Music Reviews

Incantation

Blasphemy

Necropolis

They’re still thriving, after all these years. God bless… er, um, damn them. You can’t fucking physically kill them, not even with knives! John Macintee’s Incantation is a shambling zombie beast whose only aim is survival. Everyone should have at least one Incantation album in their collection.

Blaspemy’s cover is pure Bosch – with a disembodied goat head impaling an angel with its tongue in the midst of a vertigo-inducing hellscene. Aurally, Blasphemy is a muddy hybrid of death and grind. It’s damn evil, and thrilling stuff.

Incantation’s style, even in the wake of so many pretenders (often the children die before the father in this case), is still markedly original in the death metal scene. Largely eschewing speed or thrash influences, the Incantation sound is more spiky and doomy.
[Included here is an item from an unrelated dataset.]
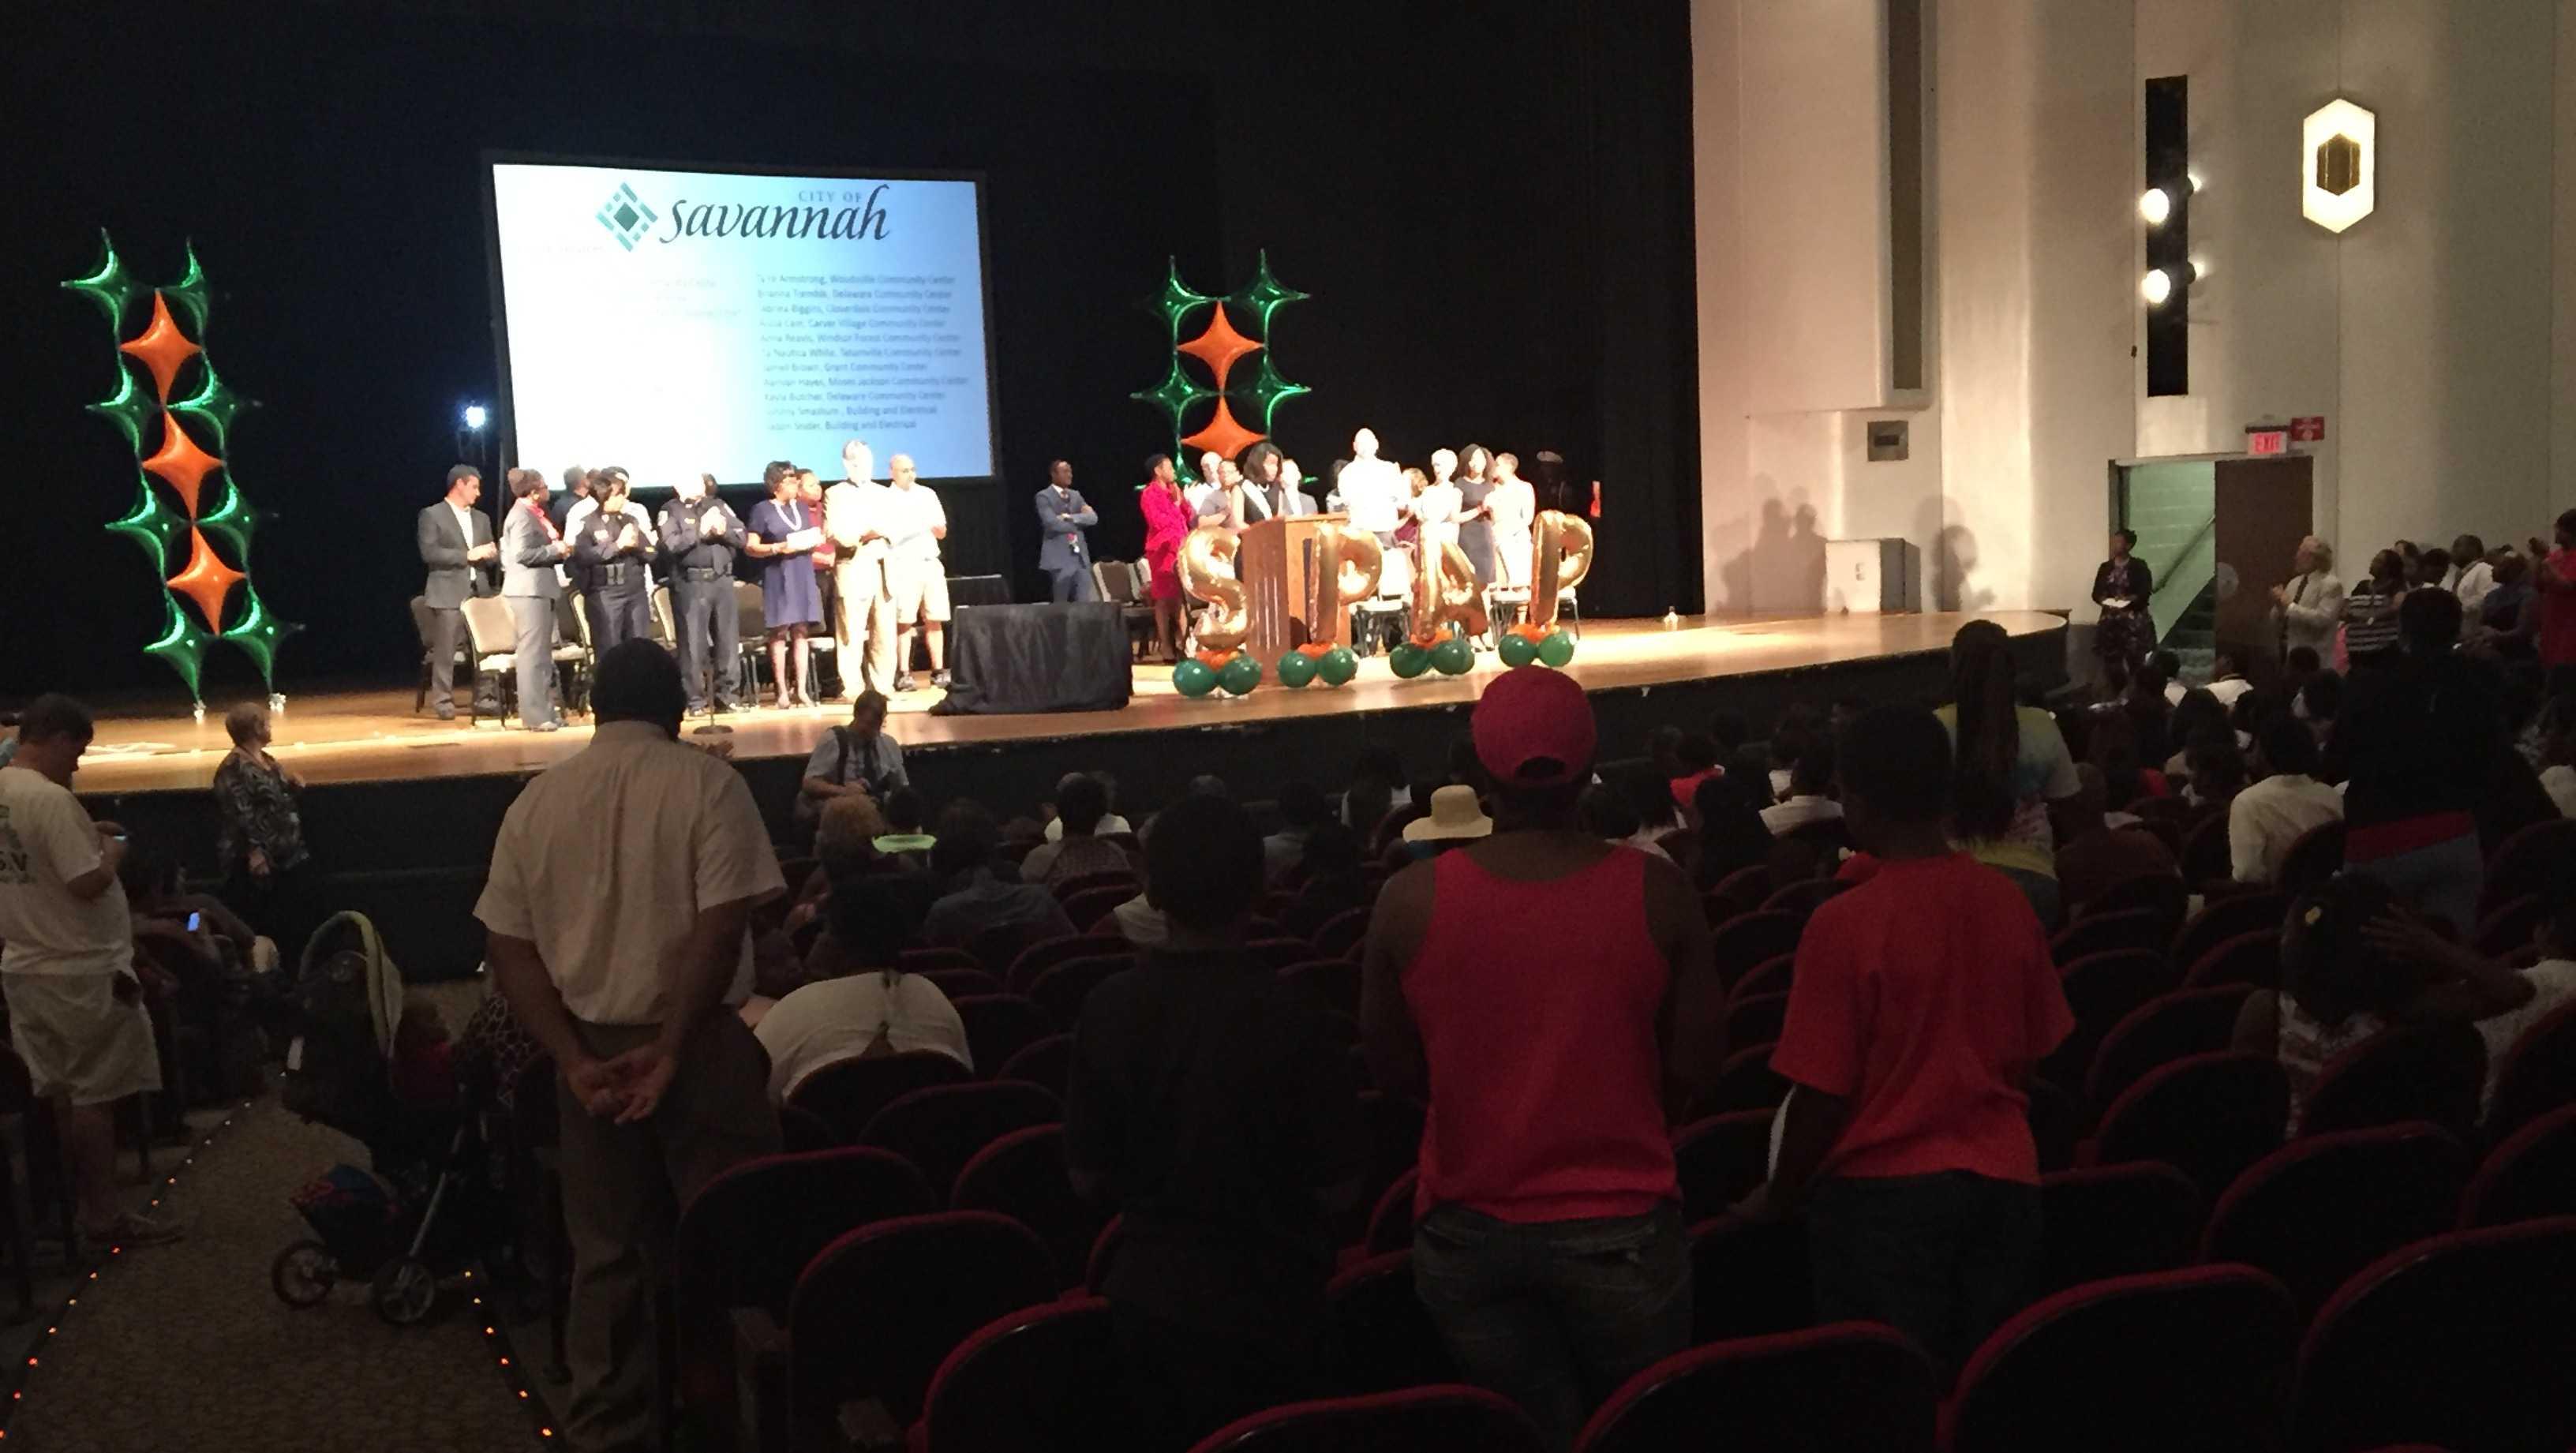 Savannah Pre-Apprentice Program Graduation

Blast beat swathes give way to plodding double bass, and painful tarpit riffing, with the only constant being MacIntee’s inhuman snarl. Gutteral and dank, it compliments the teethgrinding sloth riffs nicely. It’s all about torment, claustrophobia, the slow kill. I’d call them doom metal, but Incantation is almost a little too dark for that, if that’s possible. Their songs sound like they start deep in your inner ear, and burrow their way forcefully out through bone and tissue.

Incantation is death metal, through and through, been so for years; but death metal on their own terms, grinding, downtuned, Luciferian and morbid. With Incantation, the black metal years, the grindcore years, simply never happened – they stand steadfast in the shadows of Hellhammer, Celtic Frost, Bathory, Autopsy, and Obituary. A darker, more eerie, urban variant of the death metal sound. Blasphemy leaves a distinctly dark red fog around your eyes.